Using the LOD2 stack: linking datasets
The LOD2 project aims at easing the publishing of Linked Data in RDF formet. In this blog,
I guide you through the process of interlinking two datasets using the LOD2 stack.
The tutorial is based on our work for the LOD2 project and is also available at
the wiki of the LOD2 stack.
At the Digital Agenda Scoreboard information is published about the penetration of ICT in the
European's daily life. One such indicator is the % households with access to the internet at home.
This indicator provides insight in the evolution on the usage of internet at home, but not about
the reasons of the value.
One such reasons can be the average income a household has. To investigate the correlations
information about the income of households is required. At Eurostat such information is available.
For example the next dataset "Mean and median income by household type" contains that information
The goal is to create a table where we see the value of the above DA Scoreboard indicator
side by side with the mean income for each country and year.
Selecting Upload RDF file in the Extraction & Loading menu of the LOD2 demonstrator
you can upload a graph into the local RDF store (Virtuoso). Just provide the Resource URL
http://scoreboard.lod2.eu/data/scoreboardDatacube.ttl and a Named Graph URI.
Here we will use "http://localhost/scoreboard" for this example.
Make the http://localhost/scoreboard the current graph in the lod2 demonstrator. Now you
can browse the content selecting OntoWiki in the Authoring menu.
Now you can select eg. an observation to see information for instance about the usage of internet
in households for the Netherlands in 2005 (see table below).
|Observation||Country||Year||Unit||Measure households with access to the Internet at home|
The Eurostat data is not published as RDF by Eurostat. The LATC project has made an effort
to publish a number of eurostat datasets as RDF.
From http://eurostat.linked-statistics.org/ one can download the necessary datasets
- the dataset with observations: http://eurostat.linked-statistics.org/data/indic_di04.rdf
- the dimension information about the geo locations: http://eurostat.linked-statistics.org/dic/geo.rdf
- the time dimension: http://eurostat.linked-statistics.org/dic/time.rdf
The above dataset repository is work in progress, so the format and the availability
of the data is subject to their status.
In the dataset about the household statistics one finds observations such as:
|Observation||Country||Year||Measure Average net income - total|
In order to being able to upload those in the local virtuoso store one has to manually reformat
them and also expand all relative names with the right prefix. We used rapper, a command line tool.
You can easily install it on your local ubuntu system.

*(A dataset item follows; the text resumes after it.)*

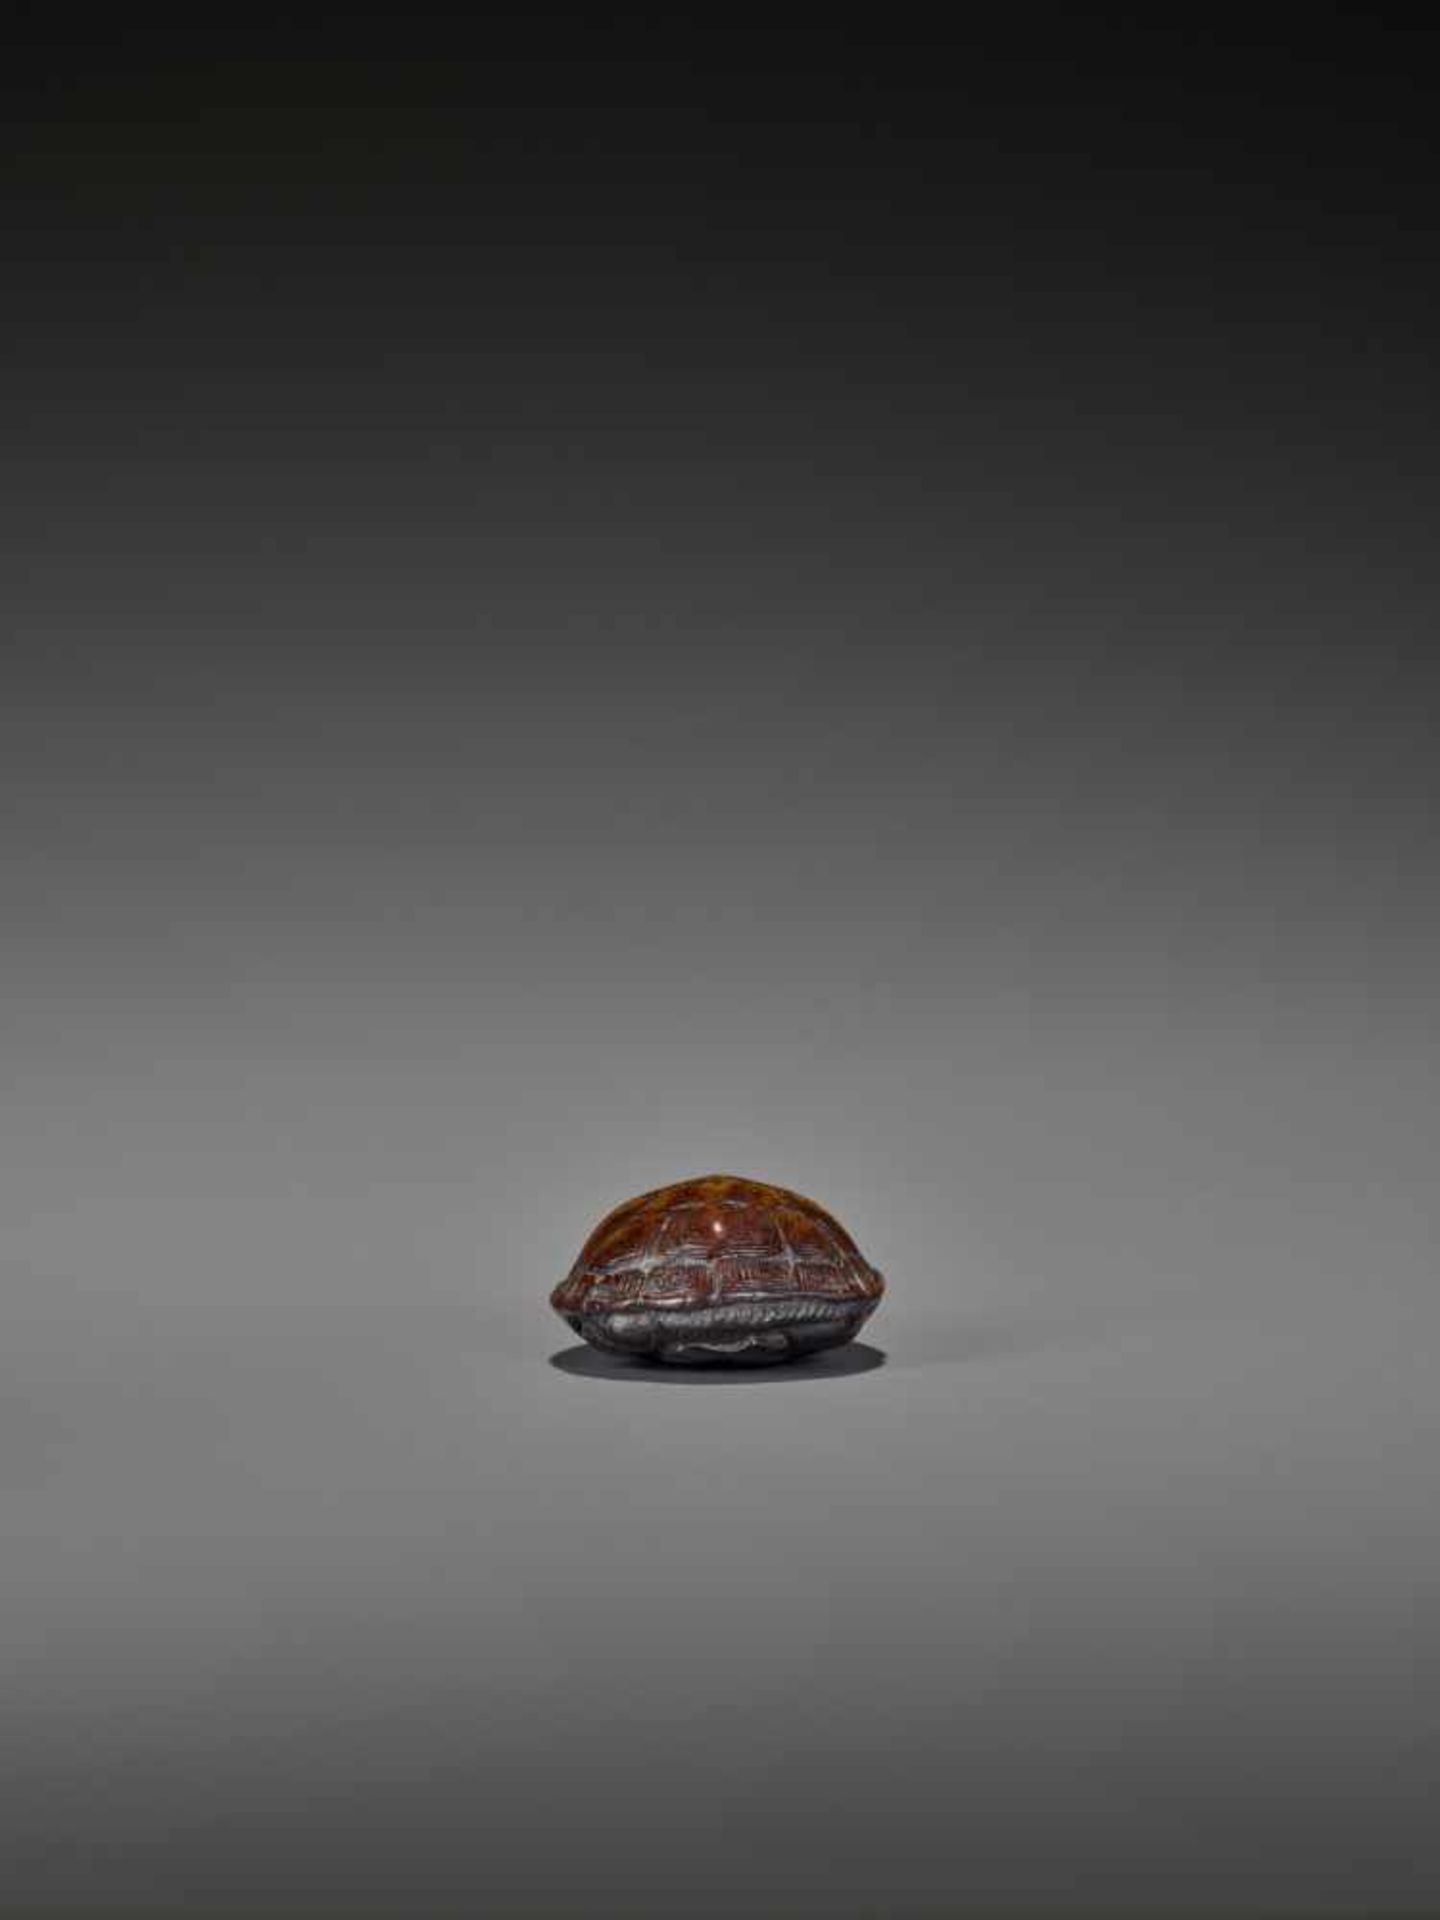 A WOOD NETSUKE OF A RETRACTED TORTOISE UnsignedJapan, 18th century, Edo period (1615-1868)This early - Bild 7 aus 10

Also in order to make the dataset linkable the time dimension misses the necessary identifiers
for each year under consideration. Probably this is a missing element in the time-dimension configuration.
We have manually added the necessary RDF statements. All corrected files resulting from this
operation are found below:
- the dataset with observations (a reduced in size version): ilc_di04.reduced.nt
- the dimension information about the geo locations: geo.nt
- the time dimension: time.nt
Now all datasets of Eurostat are ready for upload in the local LOD2 stack. We upload them the
same way we uploaded the DA Scoreboard data but this time all three files in one
single RDF graph "http://localhost/eurostat".
For creating links between datasets one can choose between two major methodologies:
- updating one of the datasets, or
- creating a separate link dataset.
Each option has its pro and cons. For the example here we have chosen the second option as
we wanted to show that even without changing the original datasets a linking can be established.
In order to link the 2 observations from both sources we use the linking tool SILK available
in the Linking menu. The linking rules we have to express are:
- an Scoreboard Observation is linked with the Eurostat year identifier
(as expressed in time.nt) if the labels are exactly the same.
- an Scoreboard Observation is linked with the Eurostat country identifier
(as expressed in geo.nt) if there exists labels which are exactly the same.
(Note that the labels can be in more than one language.)
The attached silk project scoreboard-eurostat-linking.xml contains those speficications.
Import it in your local silk workbench. When executing the linking process choose the option
to export the link results in the RDF store.
The goal of the exercise is the creation of a table such as:
|Country||Year||Observation DG INFSO||Measure % Households with internet at home||Observation Eurostat||Measure Average net income - total|
To get the table open a sparql editor page in the lod2demonstrator and issue the next query
The above steps have guided you through the linking process of two datasets.
We wish you a happy interlinking experience.